We now provide the processed datasets used in our experiments. You can download all h5ad files from Figshare https://doi.org/10.6084/m9.figshare.24049200 .
We now provide demo data in the data
folder. The demo data is a subset of the Dixit dataset.
Then you need to download the go.csv.zip
from https://www.dropbox.com/s/wl0uxiz5z9dbliv/go.csv.zip?dl=0 and unzip it to the data/DATASETNAME/
folder. For instance, put it into the data/demo
or data/gse133344_k562gi_oe_pert227_84986_19264_withtotalcount
folder.
Install PyG
, and then do pip install cell-gears
. Actually we do not use the gears PyPI packages but installing it will install all the dependencies.
# cd to the GEARS folder
## no embedding
bash run_sh/run_singlecell_maeautobin-demo-baseline.sh
## using embedding from API call
bash run_sh/run_singlecell_maeautobin-demo-emb.sh
## using embedding from local model
bash run_sh/run_singlecell_maeautobin-demo-train.sh
For baseline results, run run_sh/run_singlecell_maeautobin-demo-baseline.sh
.
For scFoundation results, choose either run_sh/run_singlecell_maeautobin-demo-emb.sh
(API based) or run_sh/run_singlecell_maeautobin-demo-train.sh
(local model based). We now offer two approaches for obtaining embeddings:
- API-Based Embeddings: Modify gears/model.py at Line 117 to invoke the scFoundation API for embedding retrieval. Set API parameters --output_type gene_batch and --pre_normalized A. This will yield a gene context embedding NumPy array for each training batch, shaped as batch19264hidden. This array should be returned for further training.

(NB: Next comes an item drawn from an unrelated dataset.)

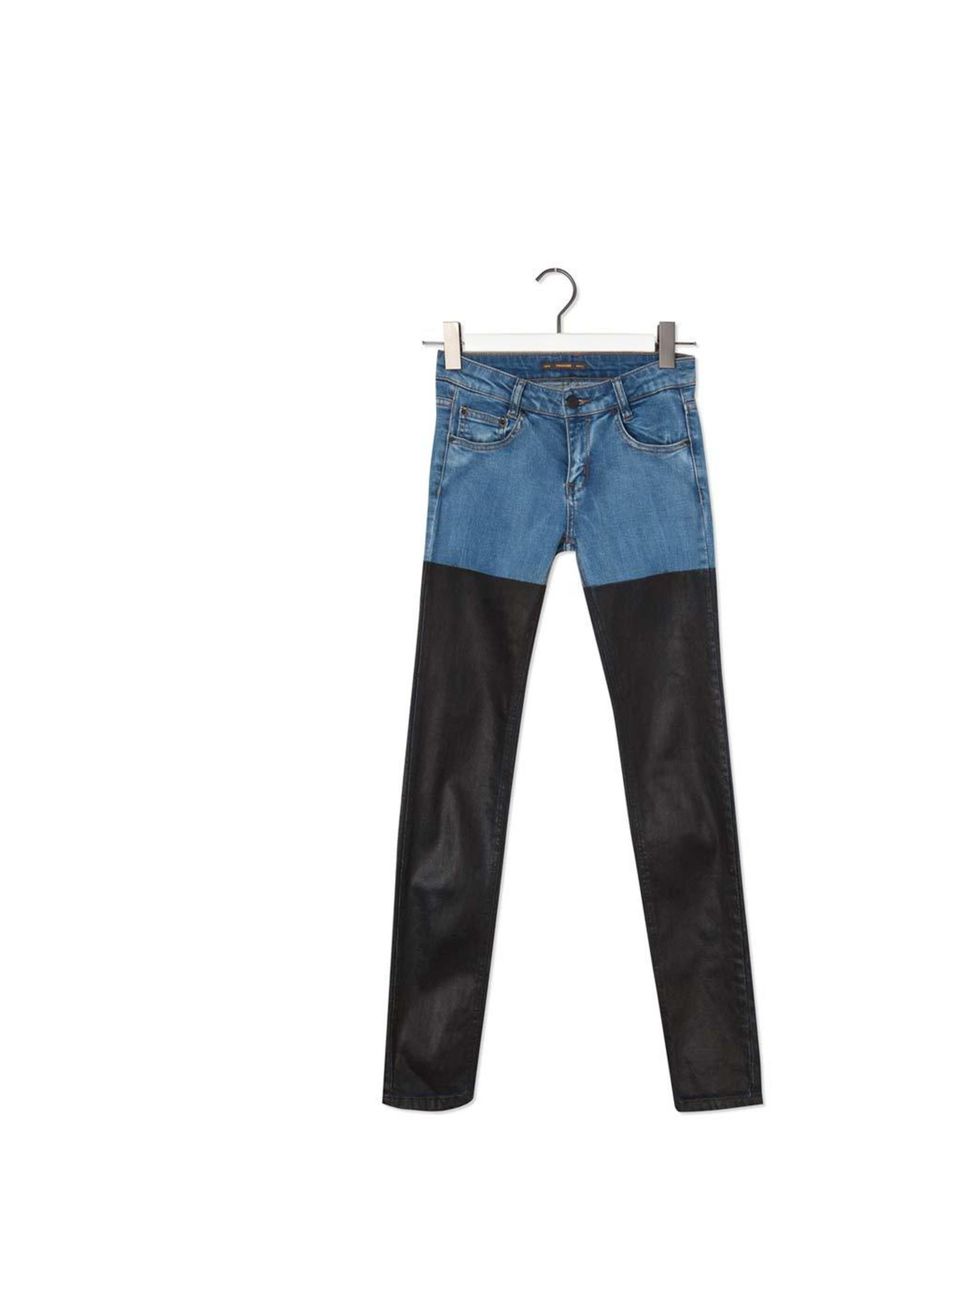 <p>Production & Bookings Assistant Melanie De La Cruz will wear these dipped jeans with a pair of chunky flatforms and a white tee. </p><p><a href="http://www.pullandbear.com/webapp/wcs/stores/servlet/category/pullandbeargb/en/pullandbear/29022/Jeans?SALE

- Local Model Embeddings: For using embeddings derived from our model, use these settings in your training bash file:
model_type=maeautobin
bin_set=autobin_resolution_append
finetune_method='frozen'
singlecell_model_path=../model/models/models.ckpt
Here you can change the "finetune_method" as other type such as "finetune_lr_1" to finetune both the scFoundation and GEARS model. Due to the GPU memory limiation, we used "forzen" in our experiments.
The output text in the terminal will be redirected into the train.log
file.
And the results will be saved in the results
folder.
All h5ad files required for the experiments are available for download from Figshare at this link https://doi.org/10.6084/m9.figshare.24049200 . After downloading, execute the corresponding training bash scripts to start your experiments. For example, to obtain baseline results on the Norman dataset, run run_singlecell_norman.sh
. For results using scFoundation embeddings on the Norman dataset, run run_singlecell_maeautobin-0.1B-res0-norman.sh
. Note that upon the first execution of any training script, a folder will be automatically created based on the h5ad file.
You will get a folder named results/DATASETNAME/0.75/xxx
with the following files:
config.pkl
model.pt
params.csv
train.log
The Plot.ipynb
is the jupyter notebook of reproducing the figures.